[COLLECTED DATA]

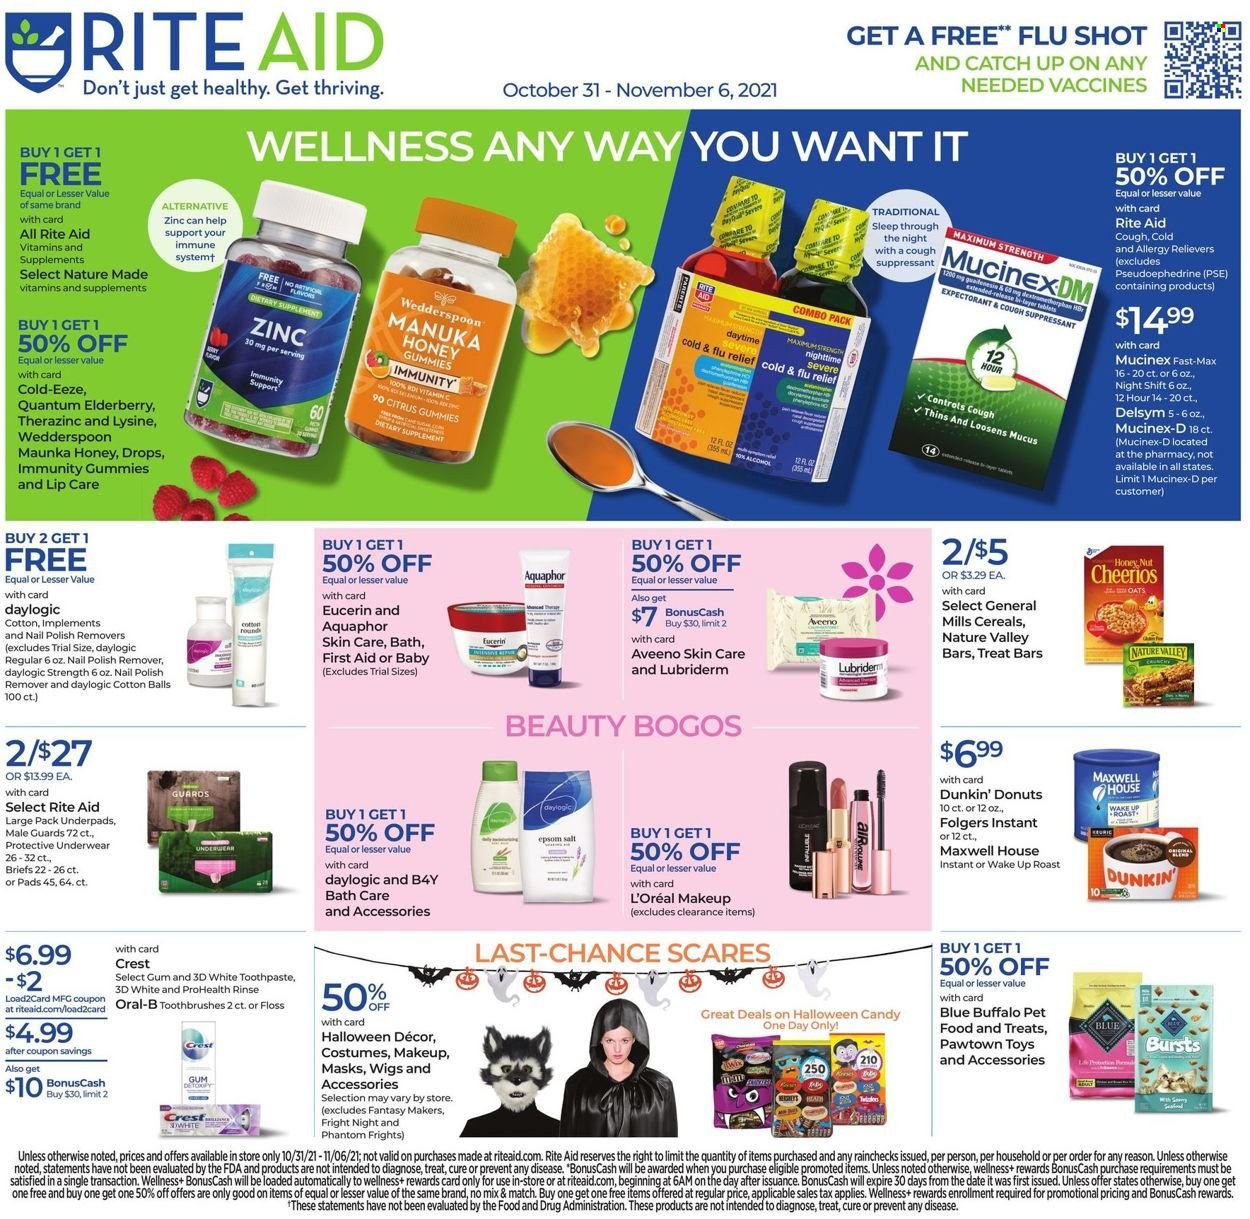 thumbnail - RITE AID Flyer - 10/31/2021 - 11/06/2021 - Sales products - donut, Thins, oats, cereals, Cheerios, Nature Valley, Manuka Honey, Maxwell House, Folgers, Dunkin' Donuts, Aquaphor, Aveeno, cotton balls, Oral-B, toothpaste, Crest, L’Oréal, Daylogic, Brite, Eucerin, Lubriderm, nail polish remover, makeup, Blue Buffalo, Halloween, costume, Delsym, Cold & Flu, Mucinex, Nature Made, zinc, Cold-EEZE. Page 1.
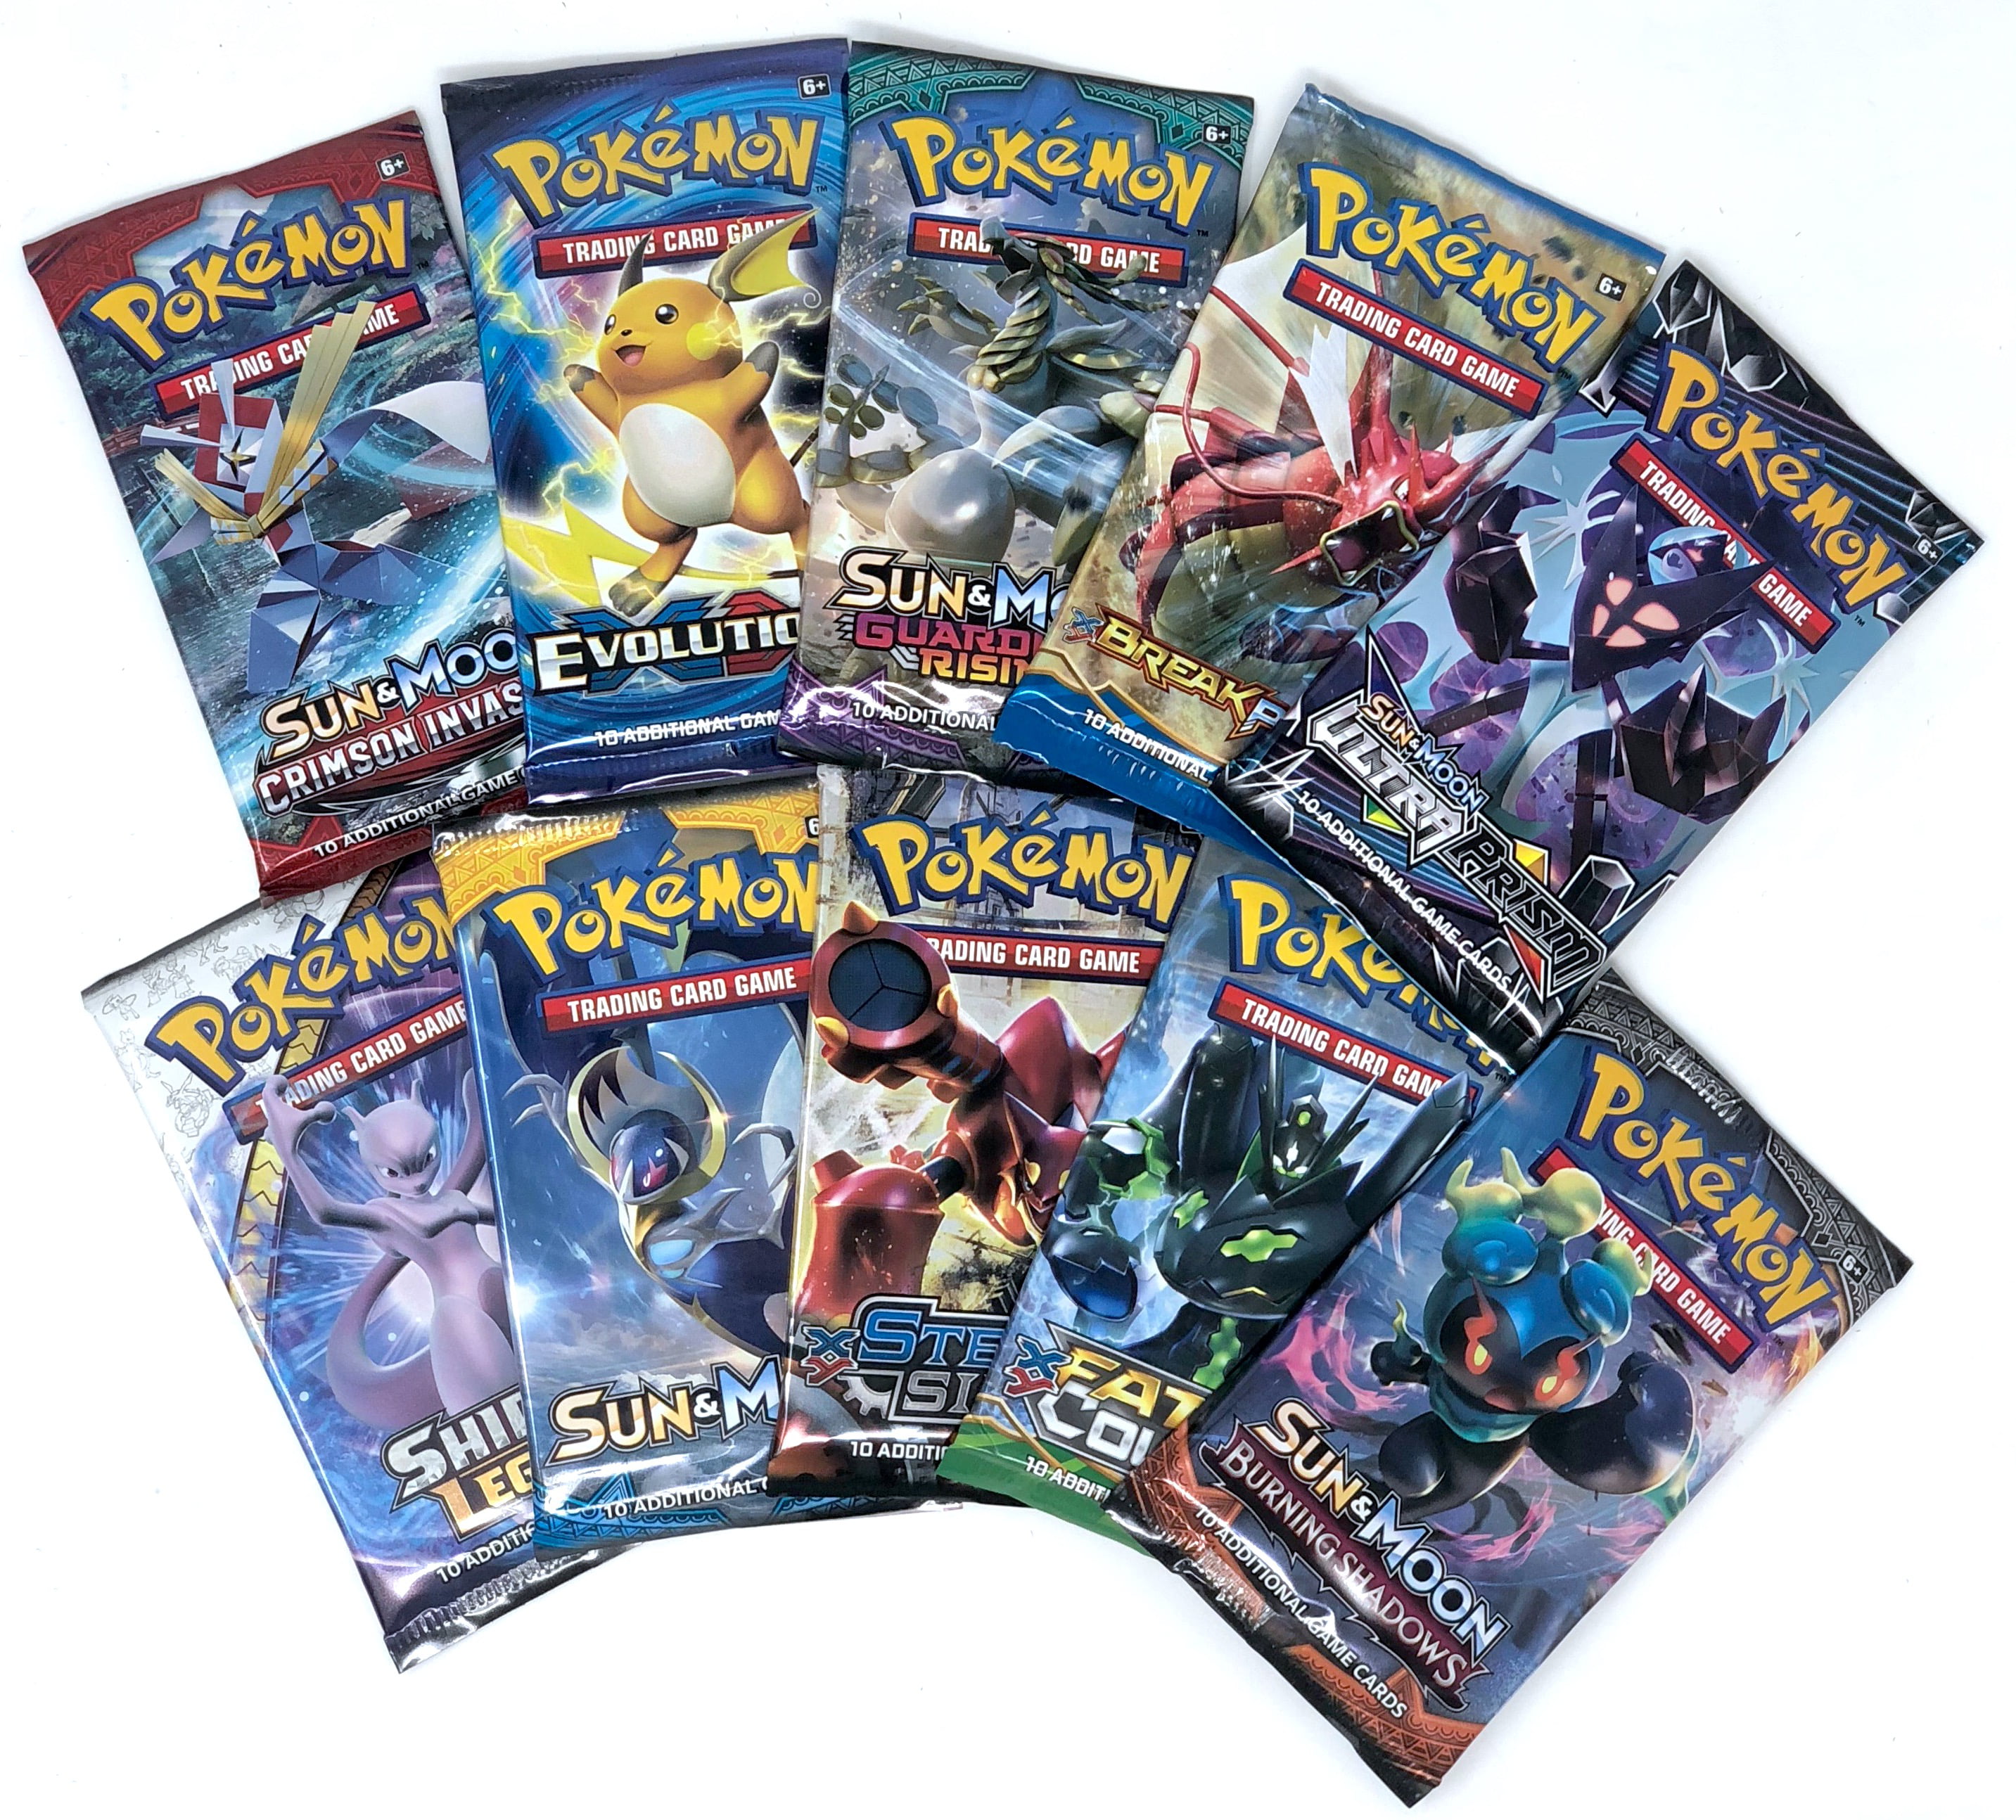 Pokemon Trading Cards Hidden Fates Booster Packs Lot of 4 Brand New and Sealed
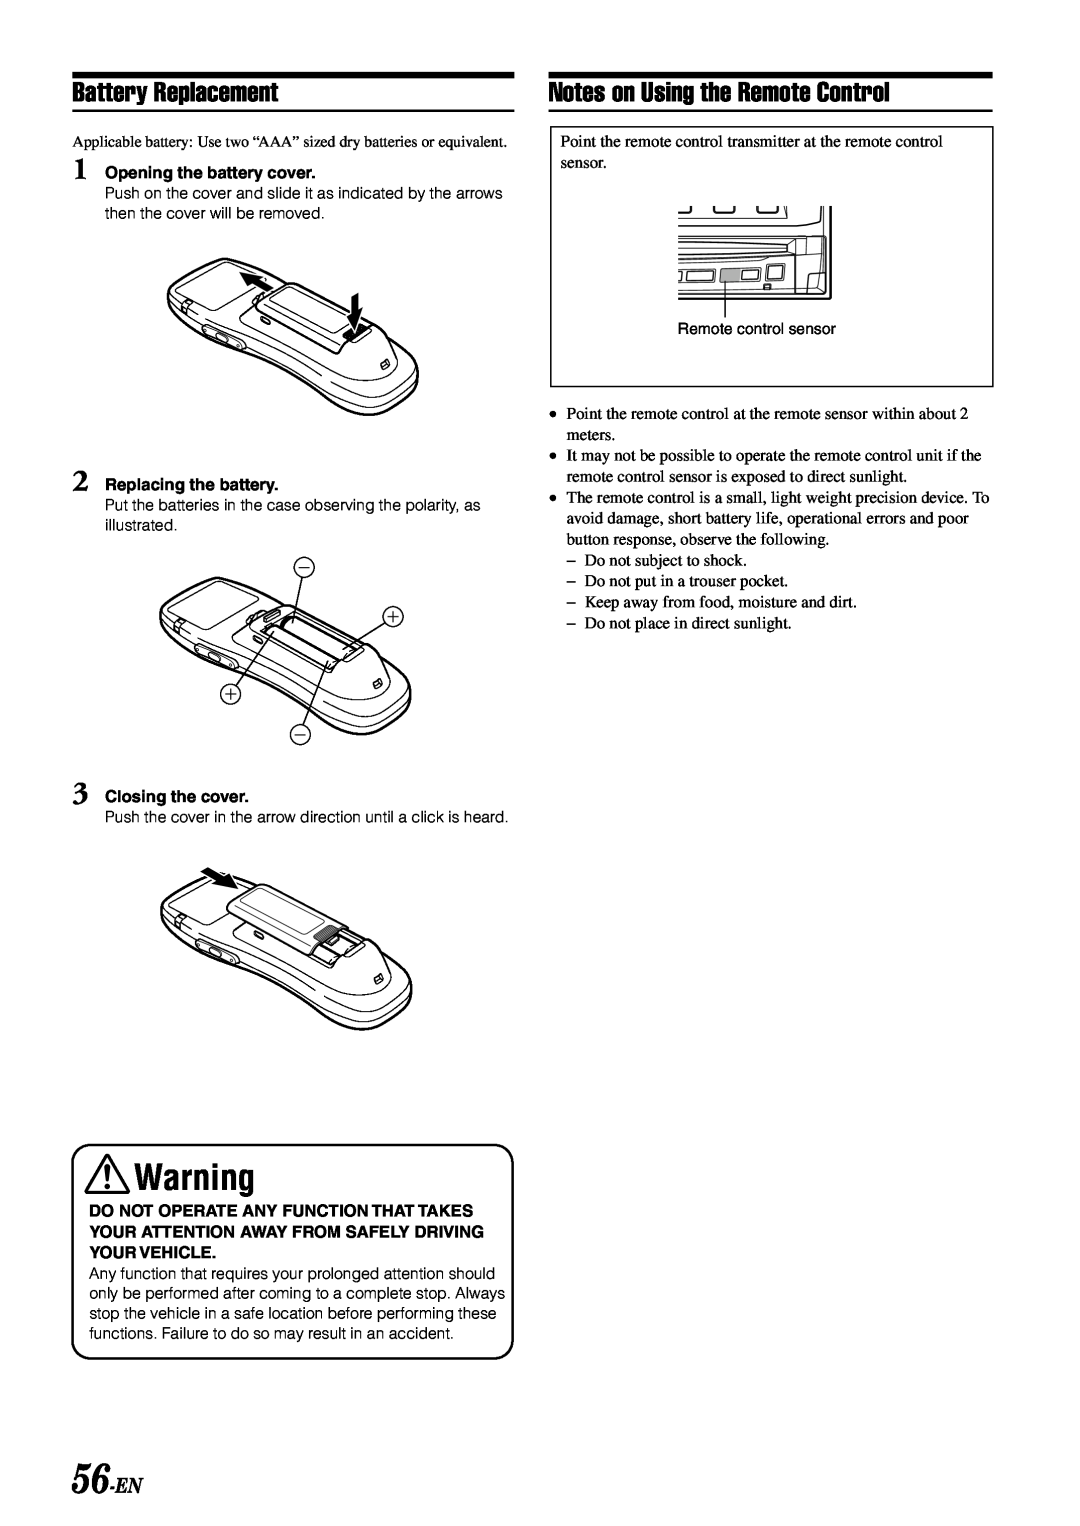 Alpine IVA-D900 owner manual Battery Replacement, Notes on Using the Remote Control, 56-EN

[/COLLECTED DATA]

◆ TASK TO COMPLETE ◆
Your task is to retype, exactly and only, the lines from the line holding "Pokemon Trading Cards" through the final line of the data above, with both ends kept. Drop the pictures.

◆ RESULT FOR THIS EXERCISE ◆
 Pokemon Trading Cards Hidden Fates Booster Packs Lot of 4 Brand New and Sealed
 Alpine IVA-D900 owner manual Battery Replacement, Notes on Using the Remote Control, 56-EN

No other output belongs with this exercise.